▼

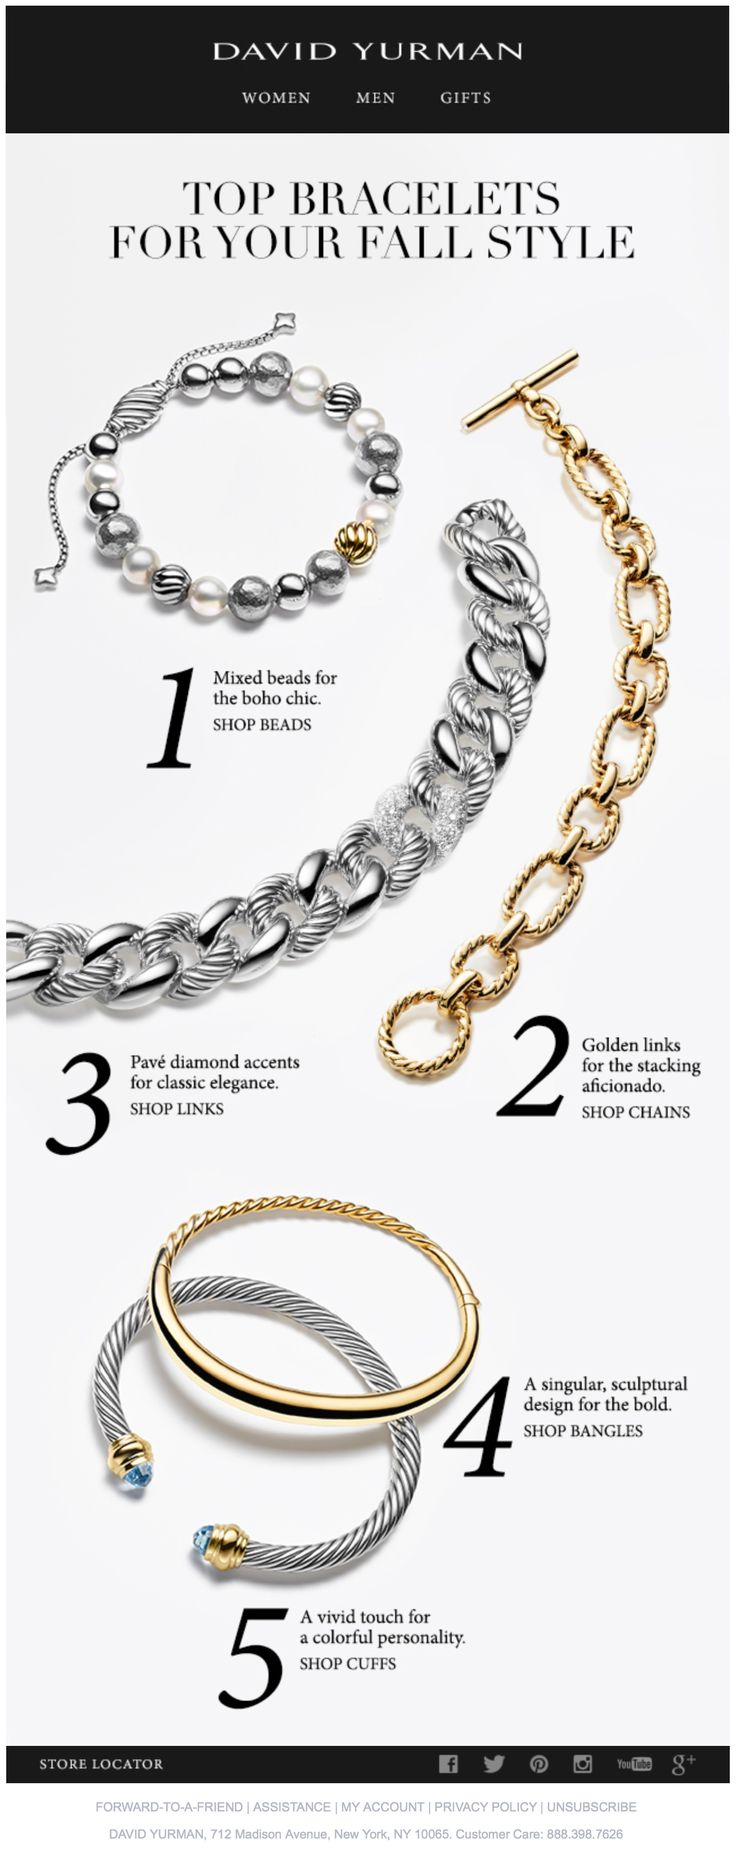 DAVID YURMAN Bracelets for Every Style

▲
▼

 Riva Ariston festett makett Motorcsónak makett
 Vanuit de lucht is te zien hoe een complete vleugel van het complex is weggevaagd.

▲

*YOUR GOAL*
Both end lines included, restate word for word the lines above from the line with "Riva Ariston festett" to the line with "Vanuit de lucht", and nothing else.

*OUTPUT OF THE EXERCISE*
 Riva Ariston festett makett Motorcsónak makett
 Vanuit de lucht is te zien hoe een complete vleugel van het complex is weggevaagd.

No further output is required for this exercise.